**WHAT IS EXPECTED**
The lines to reproduce run from the first one below to the line containing "スキム性的製品Decdeal タトゥークリップカバー タトゥー用品", both included. Reproduce them exactly and nothing else.
Content starts
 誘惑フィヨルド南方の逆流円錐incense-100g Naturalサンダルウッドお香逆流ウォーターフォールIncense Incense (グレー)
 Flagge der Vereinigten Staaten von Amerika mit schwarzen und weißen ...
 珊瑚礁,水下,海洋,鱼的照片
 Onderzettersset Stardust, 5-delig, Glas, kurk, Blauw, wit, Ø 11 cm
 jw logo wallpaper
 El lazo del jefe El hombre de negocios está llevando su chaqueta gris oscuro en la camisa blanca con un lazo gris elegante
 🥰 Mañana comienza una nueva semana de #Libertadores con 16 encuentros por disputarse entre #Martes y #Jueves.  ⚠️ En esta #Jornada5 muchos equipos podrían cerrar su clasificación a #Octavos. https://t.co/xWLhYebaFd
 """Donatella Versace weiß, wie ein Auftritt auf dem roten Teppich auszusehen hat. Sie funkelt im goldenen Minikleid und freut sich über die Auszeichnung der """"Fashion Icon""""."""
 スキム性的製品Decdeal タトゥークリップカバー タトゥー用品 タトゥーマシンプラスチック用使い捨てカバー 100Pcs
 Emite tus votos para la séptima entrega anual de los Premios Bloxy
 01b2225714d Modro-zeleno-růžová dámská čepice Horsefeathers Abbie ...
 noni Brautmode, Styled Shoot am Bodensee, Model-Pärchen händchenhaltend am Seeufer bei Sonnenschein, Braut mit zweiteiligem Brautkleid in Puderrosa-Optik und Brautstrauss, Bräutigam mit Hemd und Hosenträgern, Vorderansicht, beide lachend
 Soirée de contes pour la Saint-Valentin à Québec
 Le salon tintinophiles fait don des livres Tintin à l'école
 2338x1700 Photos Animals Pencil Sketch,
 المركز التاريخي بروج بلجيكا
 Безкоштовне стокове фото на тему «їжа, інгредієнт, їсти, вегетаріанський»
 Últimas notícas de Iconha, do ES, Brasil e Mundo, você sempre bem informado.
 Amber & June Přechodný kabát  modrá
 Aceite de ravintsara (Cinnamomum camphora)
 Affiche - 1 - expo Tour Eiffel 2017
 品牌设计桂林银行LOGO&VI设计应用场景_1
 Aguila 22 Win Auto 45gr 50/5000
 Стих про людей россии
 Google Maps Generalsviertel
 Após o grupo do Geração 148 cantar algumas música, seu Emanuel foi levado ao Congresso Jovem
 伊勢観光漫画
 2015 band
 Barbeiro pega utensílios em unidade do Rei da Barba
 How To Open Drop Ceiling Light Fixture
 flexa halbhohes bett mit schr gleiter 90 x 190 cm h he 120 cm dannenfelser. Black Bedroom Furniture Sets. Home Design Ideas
Content ends
**ANSWER TO THE EXERCISE**
 誘惑フィヨルド南方の逆流円錐incense-100g Naturalサンダルウッドお香逆流ウォーターフォールIncense Incense (グレー)
 Flagge der Vereinigten Staaten von Amerika mit schwarzen und weißen ...
 珊瑚礁,水下,海洋,鱼的照片
 Onderzettersset Stardust, 5-delig, Glas, kurk, Blauw, wit, Ø 11 cm
 jw logo wallpaper
 El lazo del jefe El hombre de negocios está llevando su chaqueta gris oscuro en la camisa blanca con un lazo gris elegante
 🥰 Mañana comienza una nueva semana de #Libertadores con 16 encuentros por disputarse entre #Martes y #Jueves.  ⚠️ En esta #Jornada5 muchos equipos podrían cerrar su clasificación a #Octavos. https://t.co/xWLhYebaFd
 """Donatella Versace weiß, wie ein Auftritt auf dem roten Teppich auszusehen hat. Sie funkelt im goldenen Minikleid und freut sich über die Auszeichnung der """"Fashion Icon""""."""
 スキム性的製品Decdeal タトゥークリップカバー タトゥー用品 タトゥーマシンプラスチック用使い捨てカバー 100Pcs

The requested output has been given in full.